Yes with downsampling you are looking at a narrow window, but this is a good thing because it rejects any frequencies out of this band so its an advantage not a hindrance, you can still not downsample and then get the full 500KHz of bandwith with the reduced noise immunity and higher computing cost that comes with that, but you do get 1 000 000 frequency measurements per second(Noise free too as long as your phase window is large enugh). Whats even better is that the band of interest can be moved around by simply changing the rate of incrementing trough the sine table (a FIR filter needs new coefficients for this) and multiple sets of mixers can be used to track two or more doppler targets in the same signal (Other methods require FFT of filters to separate multiple sinewaves before measurement).
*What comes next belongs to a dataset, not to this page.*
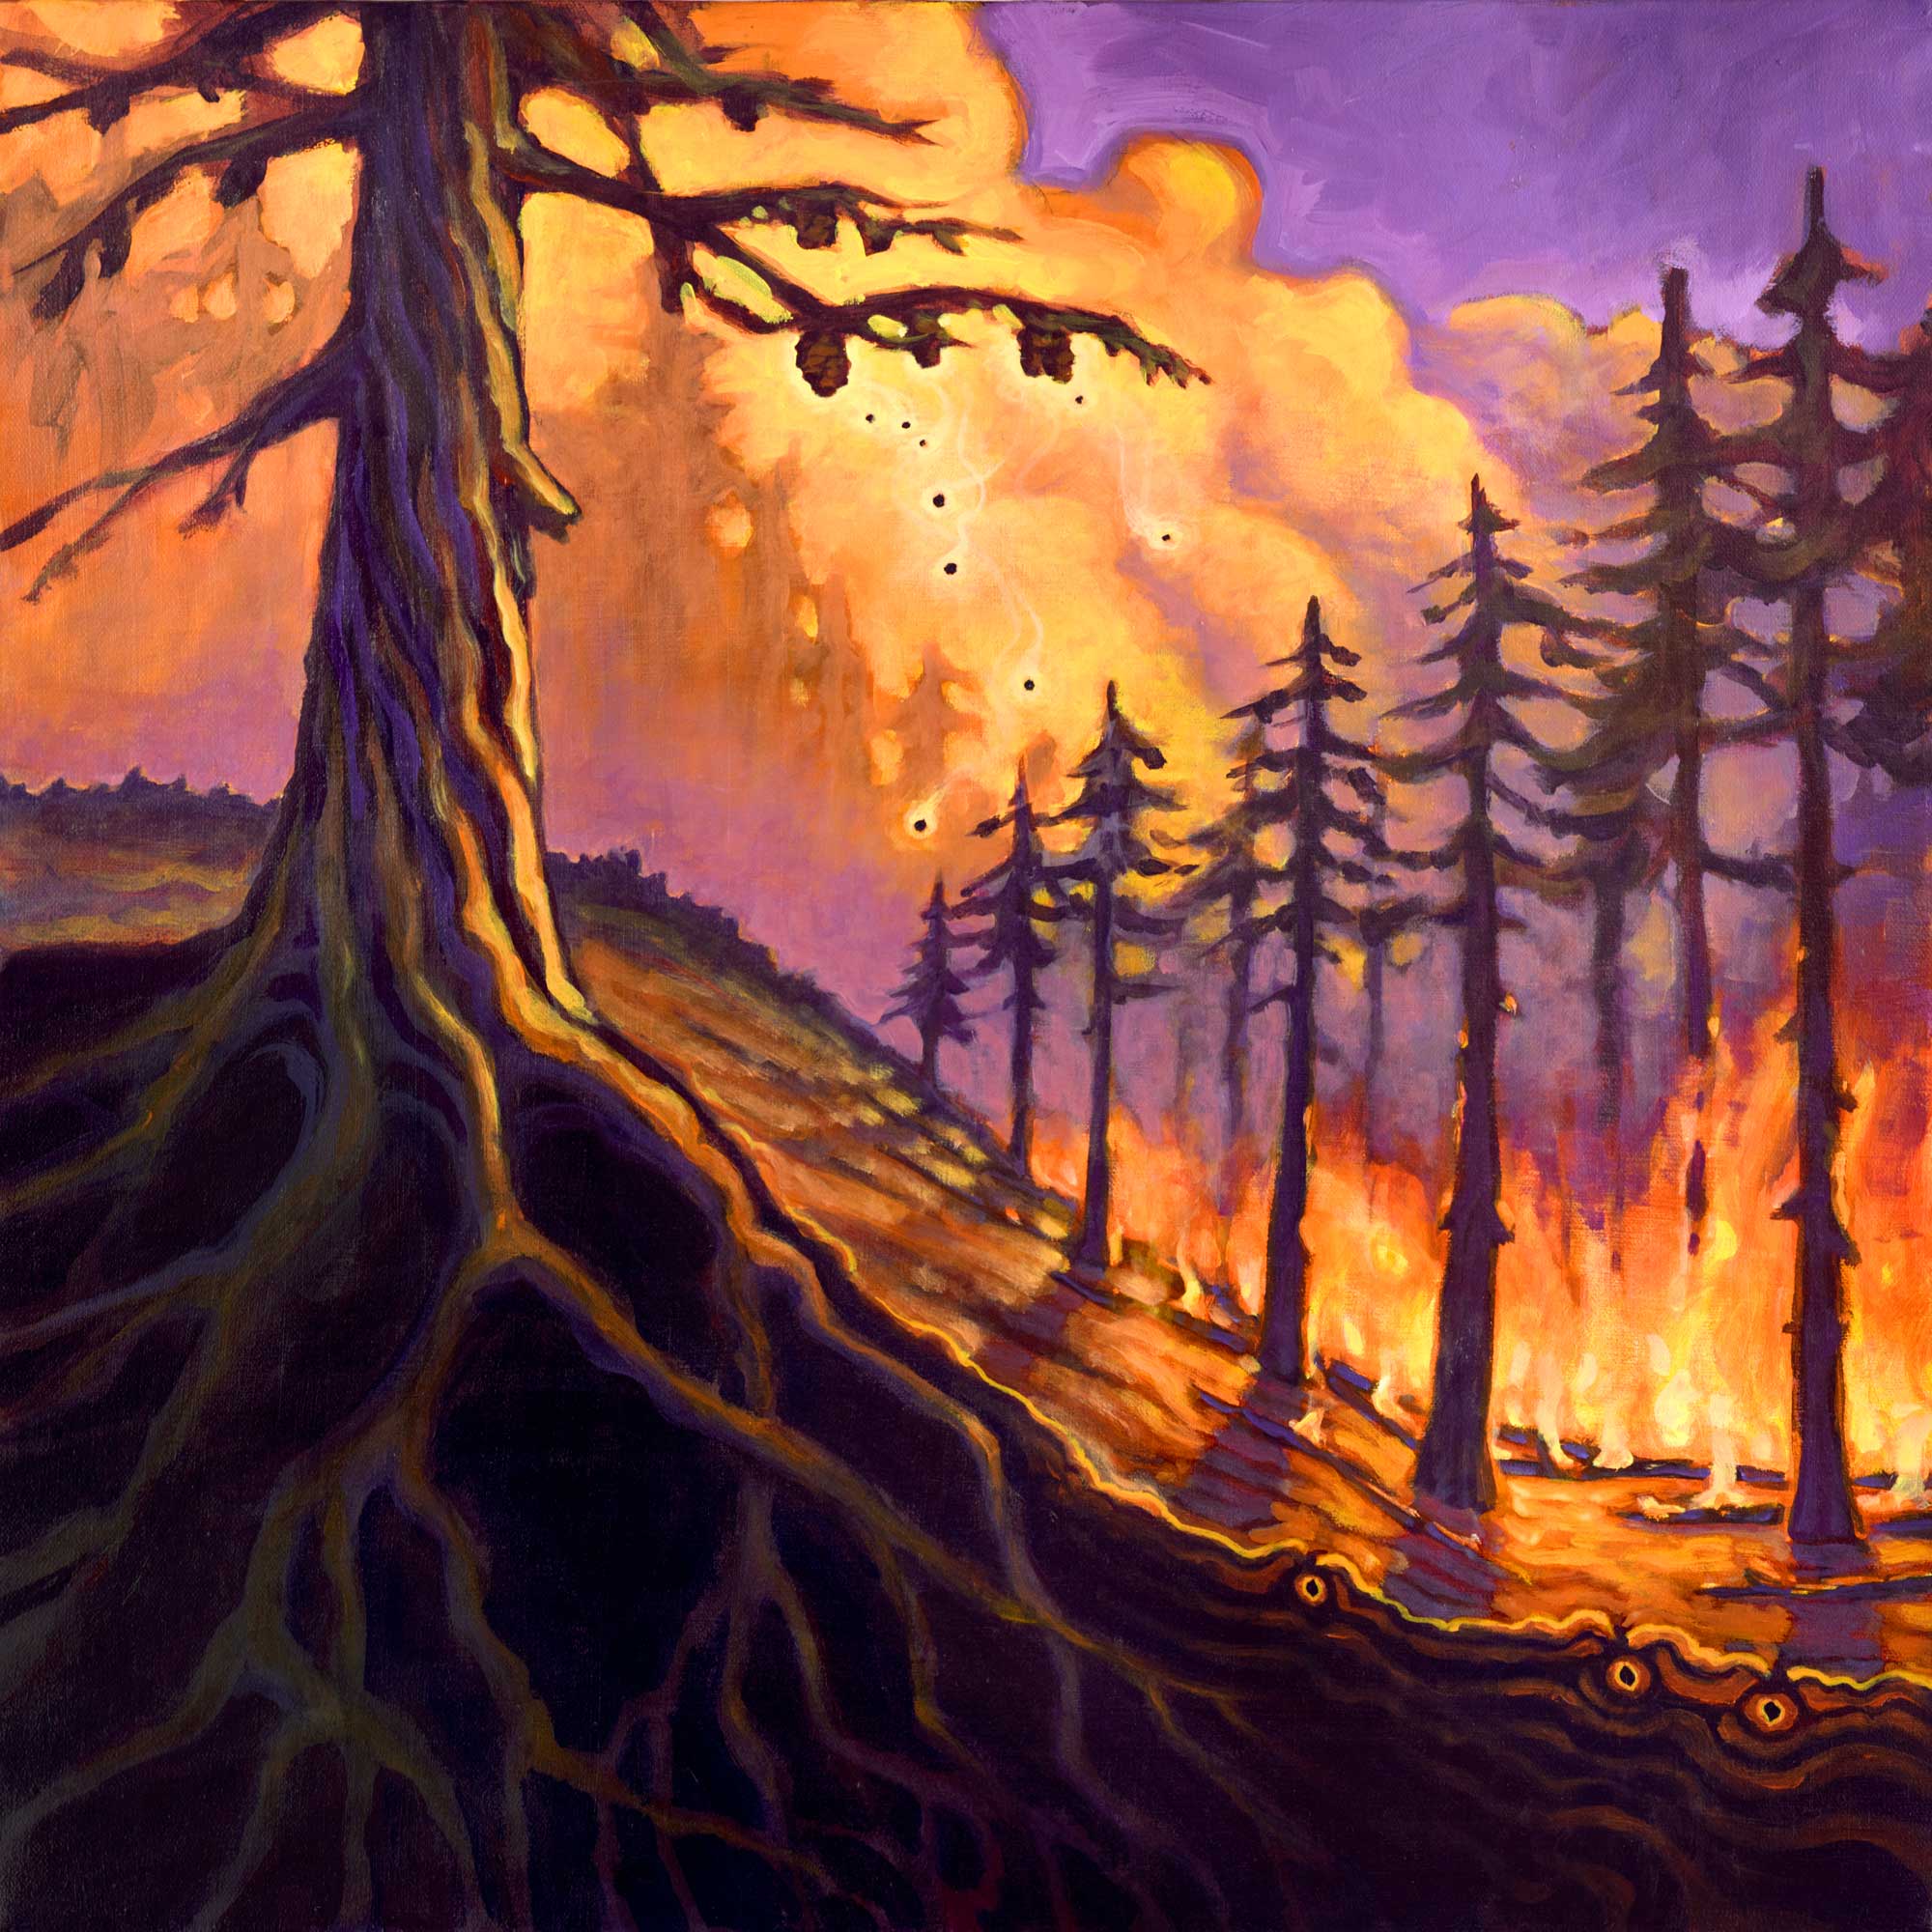 Painting of a wildfire burning a forest and causing a tree to release it's seeds

As for the Phasor angle estimator, i agree. If you convert the signal into a phasor you know its exact frequency and job done. However can you recommend a simple and reliable algorithm for turning ADC samples into a phasor?

I'm sorry if i am being annoying with this, not trying to argue or anything but just trying to get on the same page with this phasor approach.

[ogden]

As for the Phasor angle estimator, i agree. If you convert the signal into a phasor you know its exact frequency and job done. However can you recommend a simple and reliable algorithm for turning ADC samples into a phasor?

Cartesian to polar coordinate transform. I think paper in the link below may answer this question as well.

I'm sorry if i am being annoying with this, not trying to argue or anything but just trying to get on the same page with this phasor approach.

Don't be sorry at all. This is interesting topic, thank you for arguing. I believe that there is no single "ultimate" solution, every approach may have it's strong and weak points. I think following paper will give some insight into phasor approach. https://www.researchgate.net/publication/323628162_Implementation_Techniques_for_Frequency_Phasor_Estimation_in_Phasor_Measurement_Units_PMUs

[KE5FX]

He isn't suggesting just downmixing it, he's suggesting downmixing it by sines in quadrature.

I think after low pass filtering, the phase of the quadrature results treated as a complex vector will give you the frequency shift (side effect of the PM/FM equivalence).

Downmixing, then measuring phase do not make any sense - if you can use same (phase) math on carrier directly. To avoid gigantic phase numbers that multiple times exceeds 2*PI you do not need to use downmixing. Just use your head.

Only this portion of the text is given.